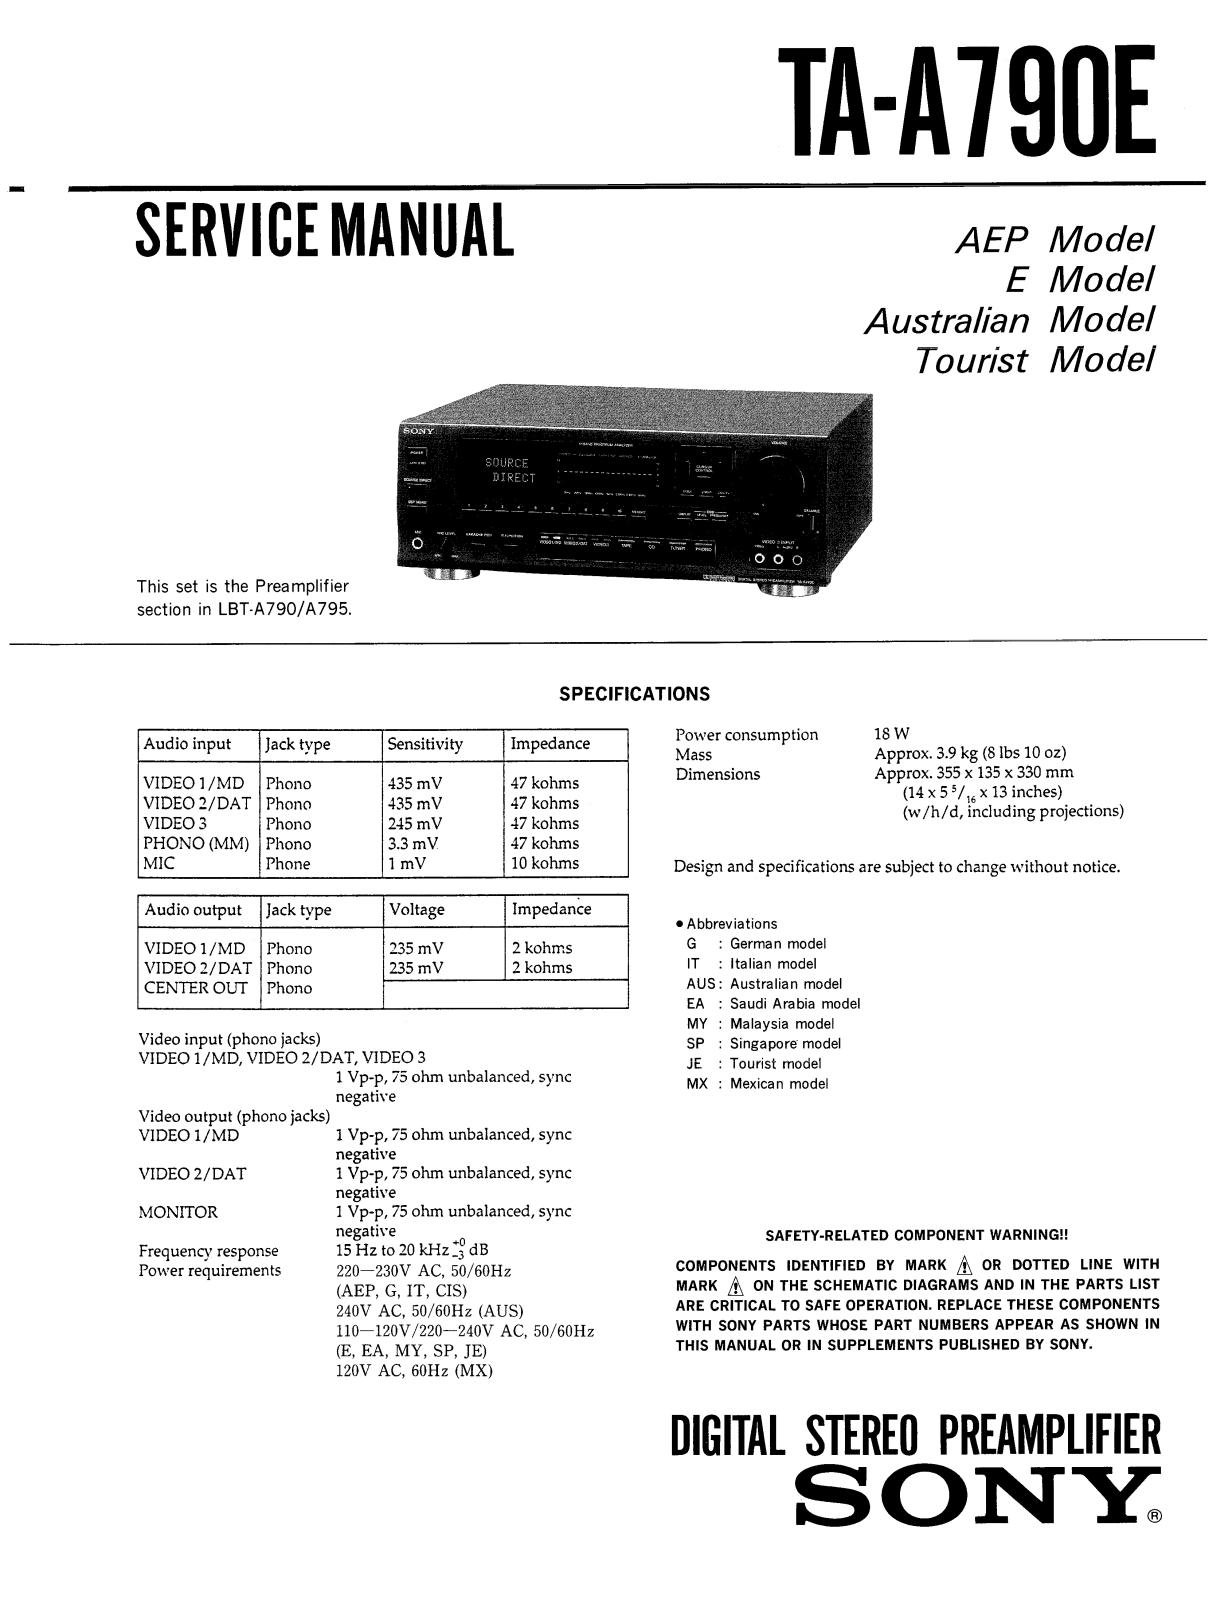 Sony TA-A790E Service Manual
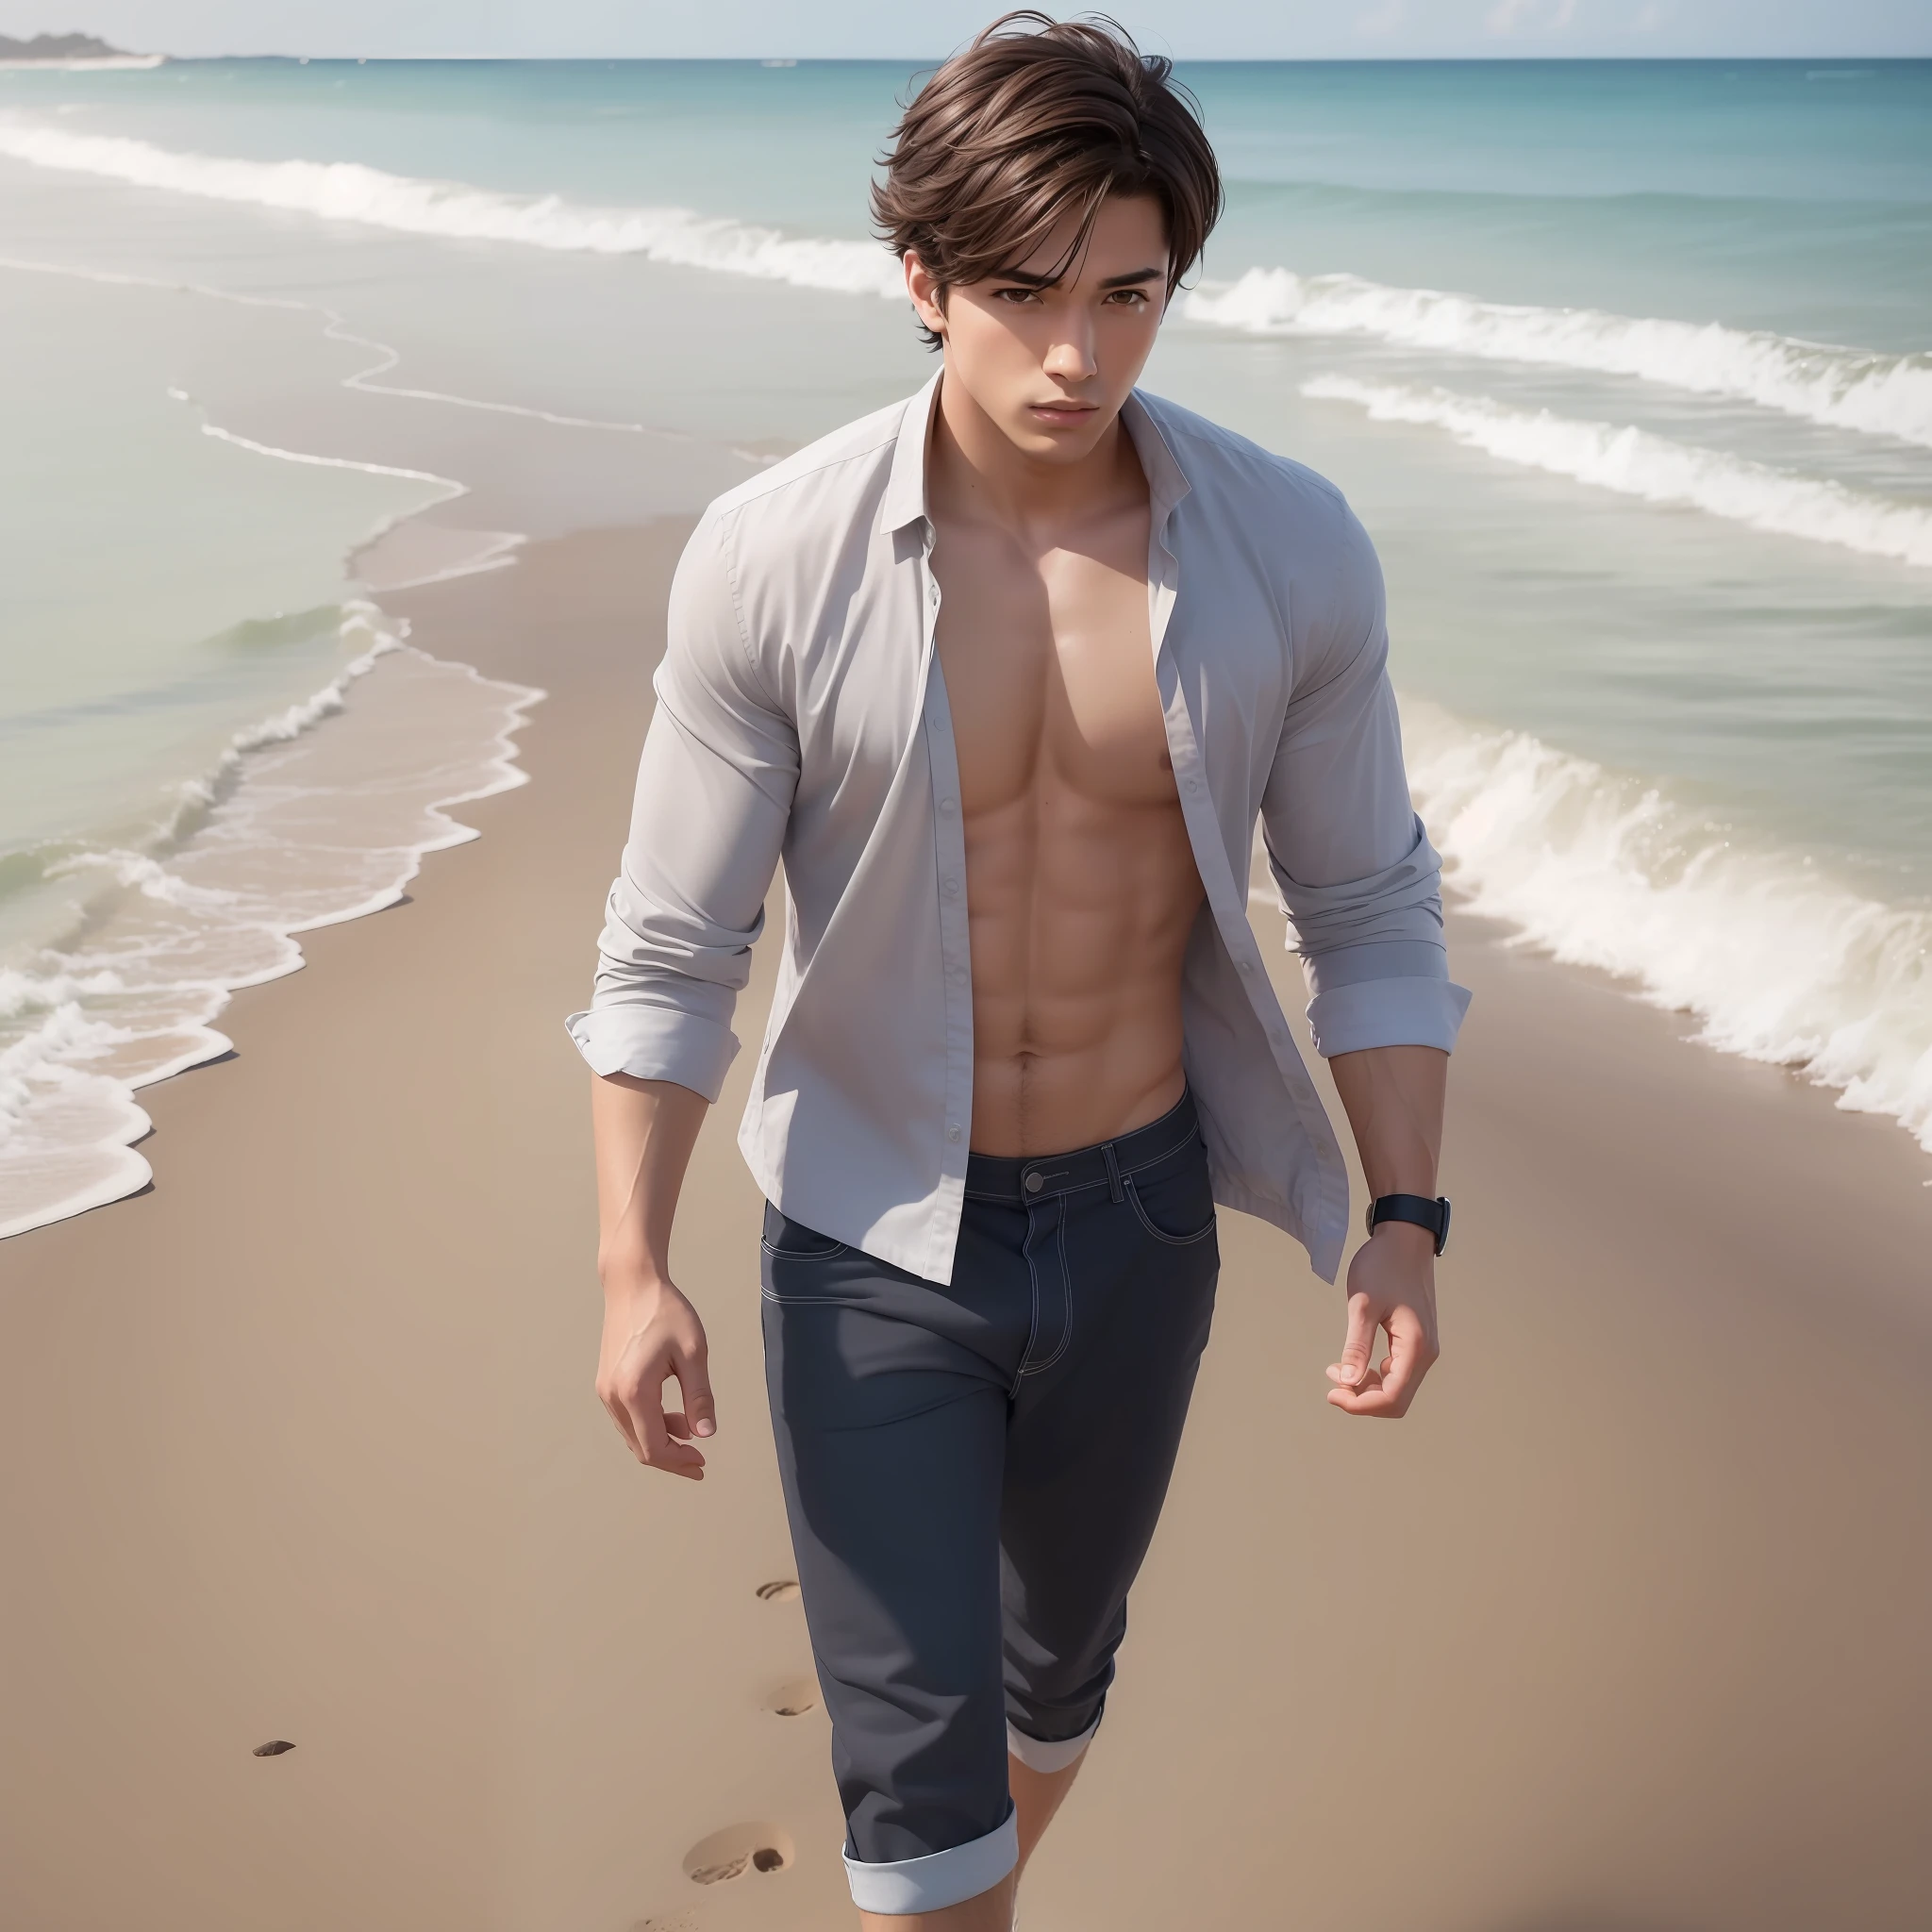 (杰作) 8K 分辨率, 英俊的年轻人在热门海滩上漫步, 黑色短发, 淡褐色的眼睛, 棕色的眼睛, 海滩上的衣服, 动漫风格, 模型风格,
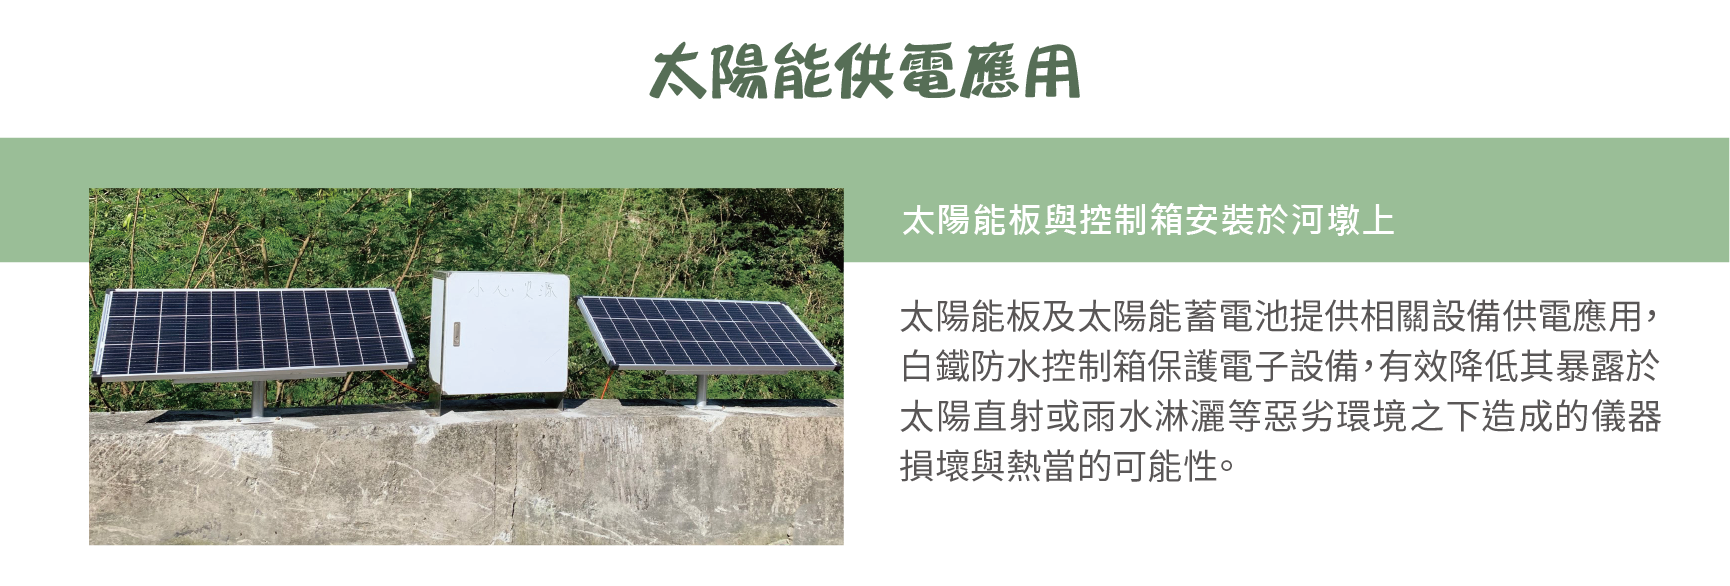 太陽能供電系統,太陽能板及太陽能蓄電池提供相關設備供電應用
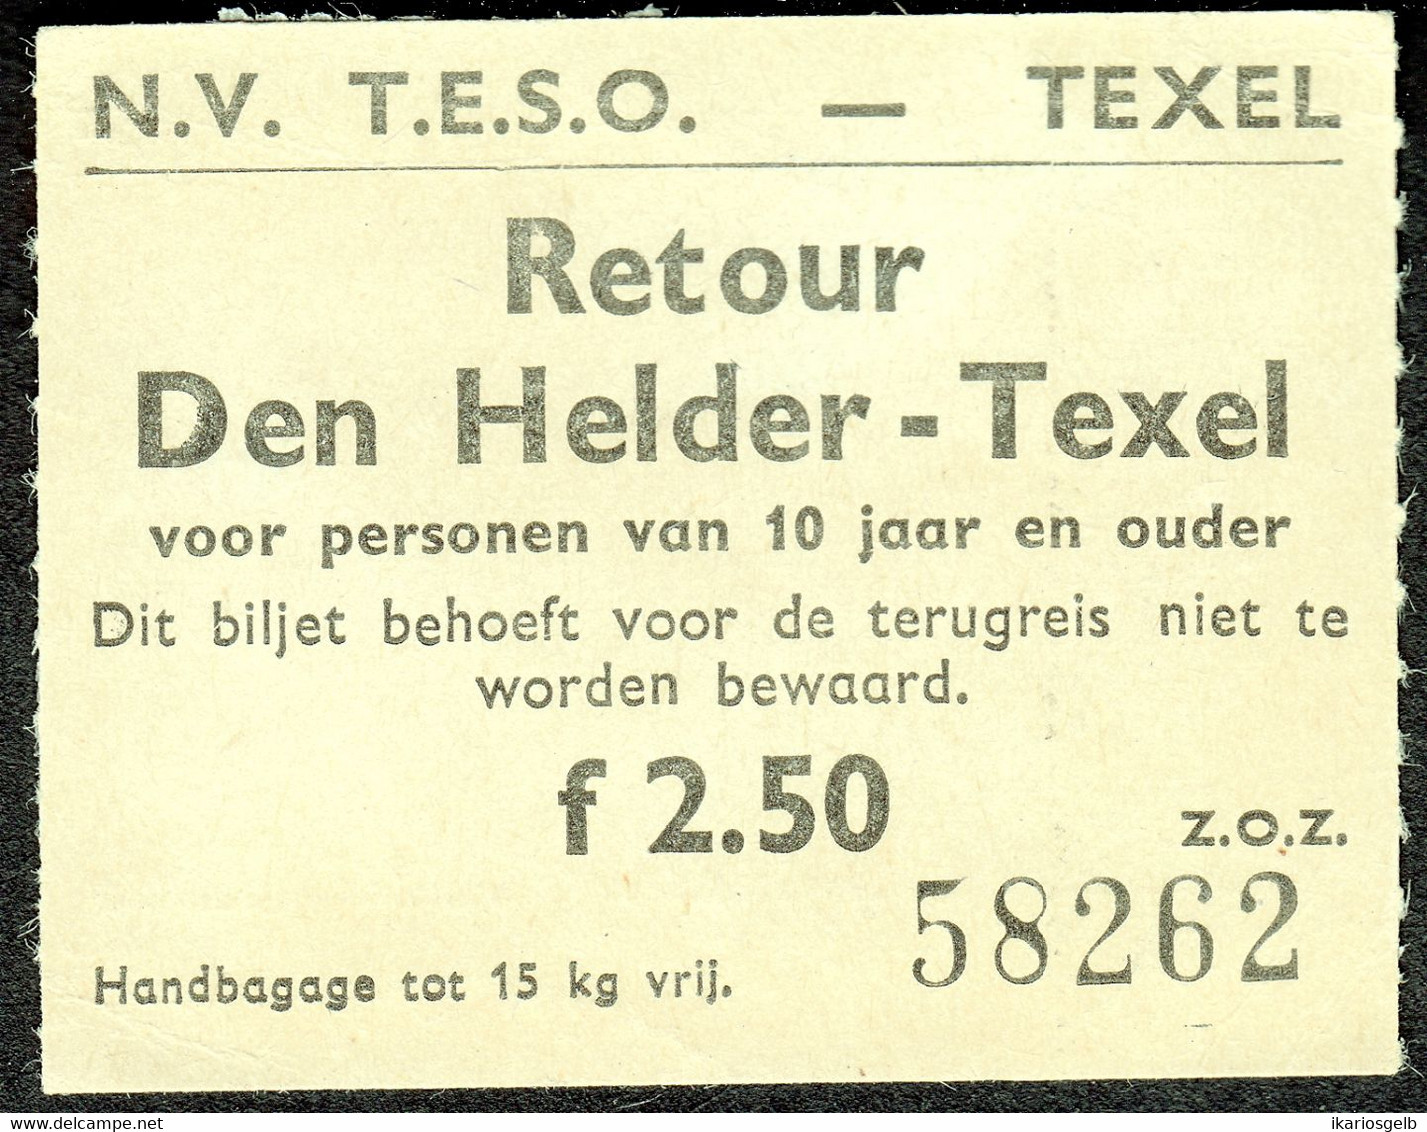 Nederlande 1983 Den Helder - Texel Schiff Ship Boat Fahrschein Boleto Biglietto Ticket Billet - Europa

○ ○ ○

Apart from the images, retype the full material exactly as written.

● OUTPUT FOR THIS TASK:
 Sony TA-A790E Service Manual
 (杰作) 8K 分辨率, 英俊的年轻人在热门海滩上漫步, 黑色短发, 淡褐色的眼睛, 棕色的眼睛, 海滩上的衣服, 动漫风格, 模型风格,
 太陽能供電系統,太陽能板及太陽能蓄電池提供相關設備供電應用
 Nederlande 1983 Den Helder - Texel Schiff Ship Boat Fahrschein Boleto Biglietto Ticket Billet - Europa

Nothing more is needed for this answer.